Studio album by Viktor Lazlo
- Released: 1987
- Genre: Pop, Pop jazz
- Label: Polydor, PolyGram
- Producer: Lou Deprijck

Viktor Lazlo chronology
| She (1985) | Viktor Lazlo (1987) | Hot & Soul (1989) |

= Viktor Lazlo (album) =

Viktor Lazlo is the self-titled second studio album by French-Belgian singer Viktor Lazlo.
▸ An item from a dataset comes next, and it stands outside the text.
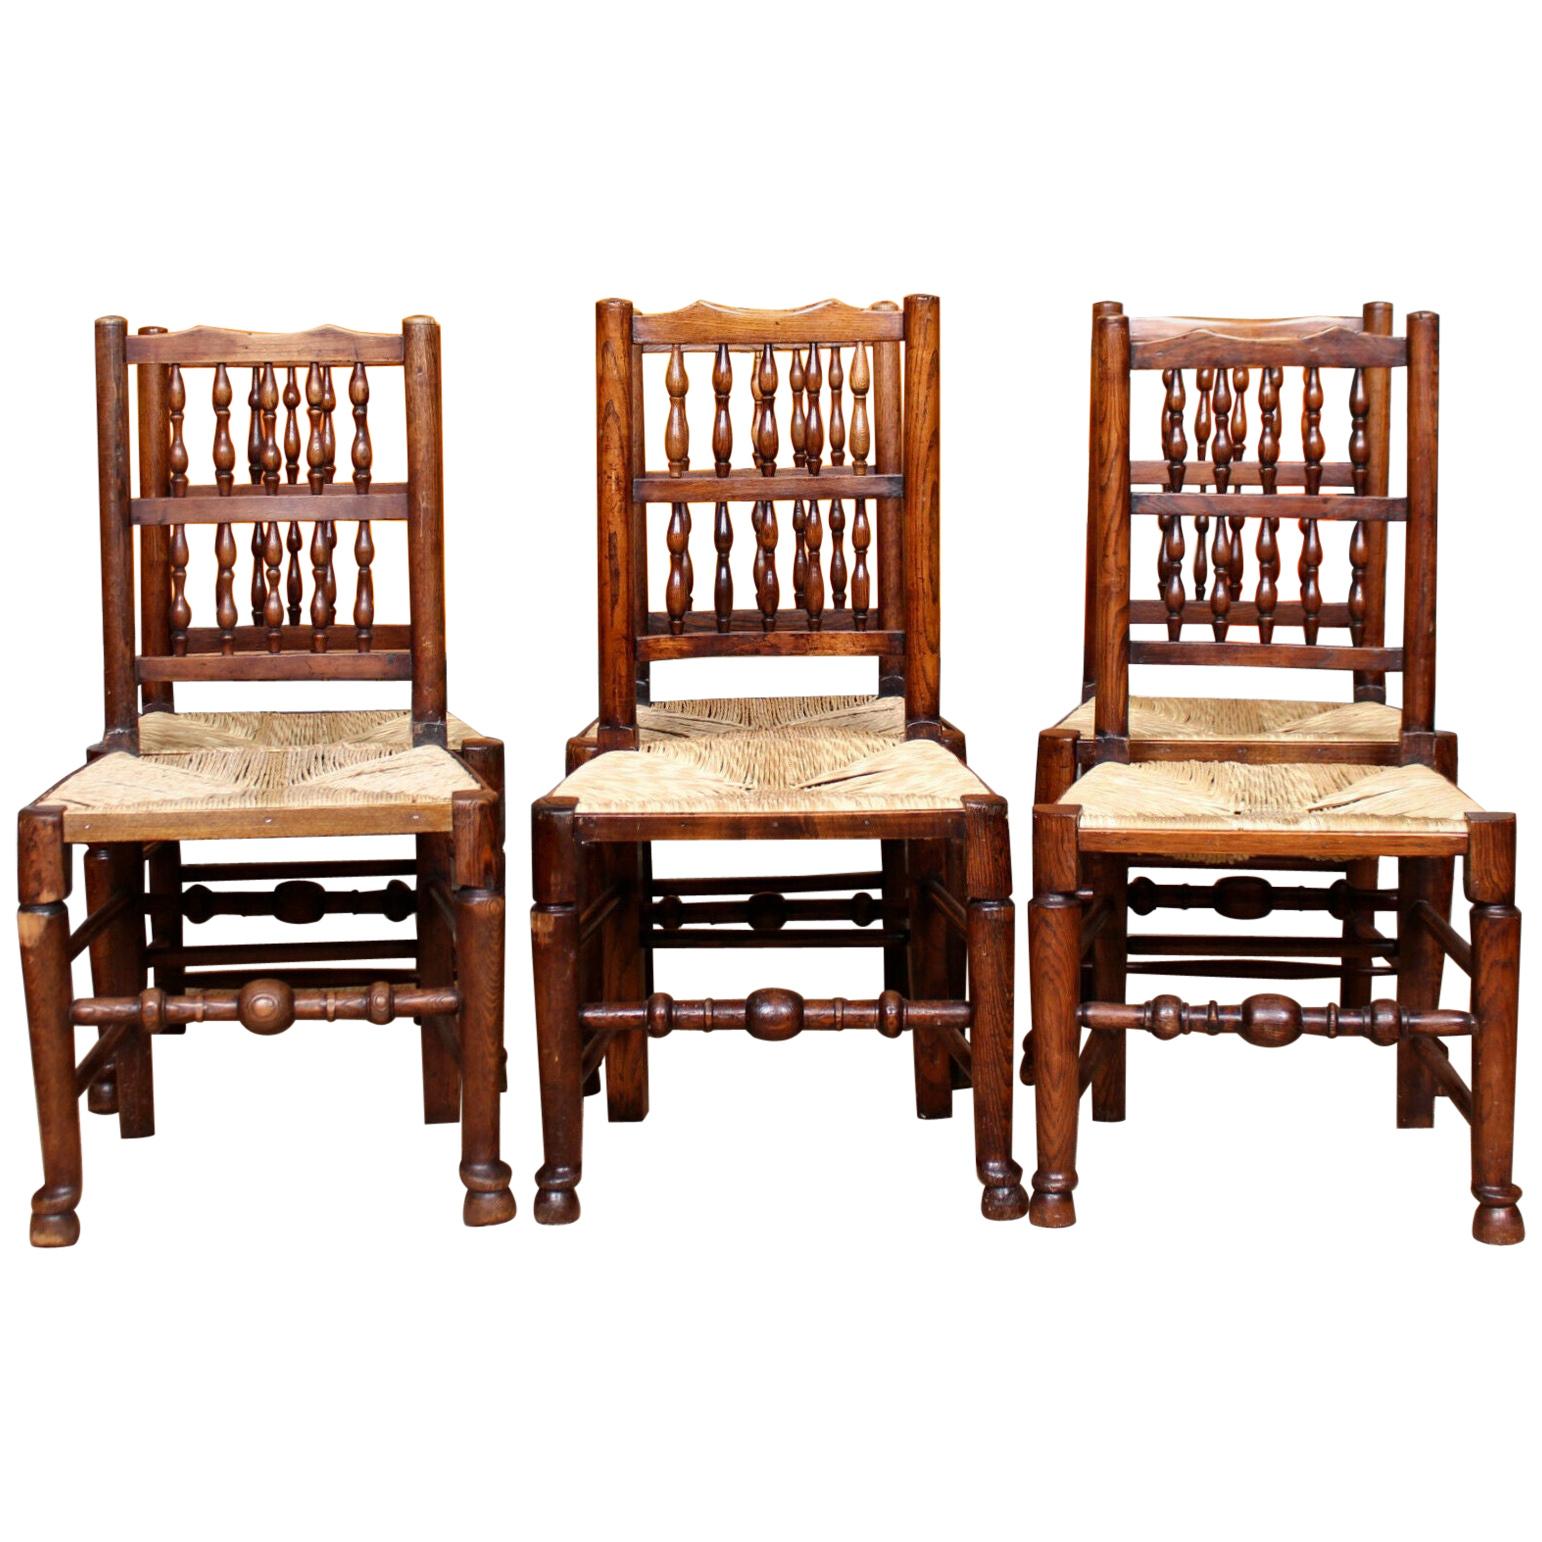 6 Georgian Dining Chairs Country Antique George IV Ash Rushwork Seats For Sale

Belgium was responsible to host the Eurovision Song Contest after Sandra Kim had won in 1986 with her song J'aime la vie. Lazlo was asked to host the event as she is fluent in several languages and thus her self-titled album became very successful all over Europe, entering the Top 20 album charts in Holland, Germany, Austria and Switzerland. It spent 19 weeks on the German album charts.

The first single off the album was Breathless, which was co-written by Lazlo herself and features backing vocals by James Ingram and Bunny DeBarge. An official video was shot for the song and she also performed it at the beginning of the Eurovision Song Contest in 1987. The song reached No. 7 on the Belgian single charts.
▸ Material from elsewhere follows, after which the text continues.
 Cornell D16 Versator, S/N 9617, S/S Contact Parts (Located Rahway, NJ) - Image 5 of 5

The songs Take Me and You Are My Man were also released as singles.

==Track listing==

| No. | Title | Writer(s) | Length |
|---|---|---|---|
| 1. | "Breathless" | Phil Allaert, Viktor Lazlo | 3:38 |
| 2. | "You Are My Man" | Evert Verhees, Patricia Maessen | 3:28 |
| 3. | "Take Me" | David Gistelinck, Pierre Van Dormael | 5:21 |
| 4. | "Moonlight Parade" | Guybert Cadiere, Viktor Lazlo | 4:16 |
| 5. | "Hey Baby, Cool!" (with the Count Basie Orchestra) | David Gistelinck, Pierre Van Dormael | 3:33 |
| 6. | "The Wizard's Call" | Ralph Benatar, Viktor Lazlo | 4:22 |
| 7. | "Rendez-Vous" | Nicolas Fiszman, Viktor Lazlo | 4:20 |
| 8. | "In Your Arms" | Jan Meeuwis, Raphaël Schillebeeckx | 4:11 |
| 9. | "Peter" | Evert Verhees, Patricia Maessen | 4:35 |
| 10. | "Champagne And Wine" | Danny Delaet, Silver van Holme | 2:42 |

===Bonus Tracks===
The song Don't Say No, which was also the B-side for the single Breathless, is bonus track available on the CD version only. Another bonus track on the CD is called Miracles.

==Charts==

===Album===

| Chart | Peak position |
|---|---|
| German Albums Chart | 20 |
| Swiss Albums Chart | 17 |
| Austrian Albums Chart | 16 |
| Dutch Albums Chart | 16 |

===Single releases===

| Year | Single | BE | NL |
|---|---|---|---|
| 1987 | Breathless | 7 | 33 |

==Certifications==

| Region | Certification | Certified units/sales |
| Belgium (BRMA) | Gold | 25,000^{*} |
^{*} Sales figures based on certification alone.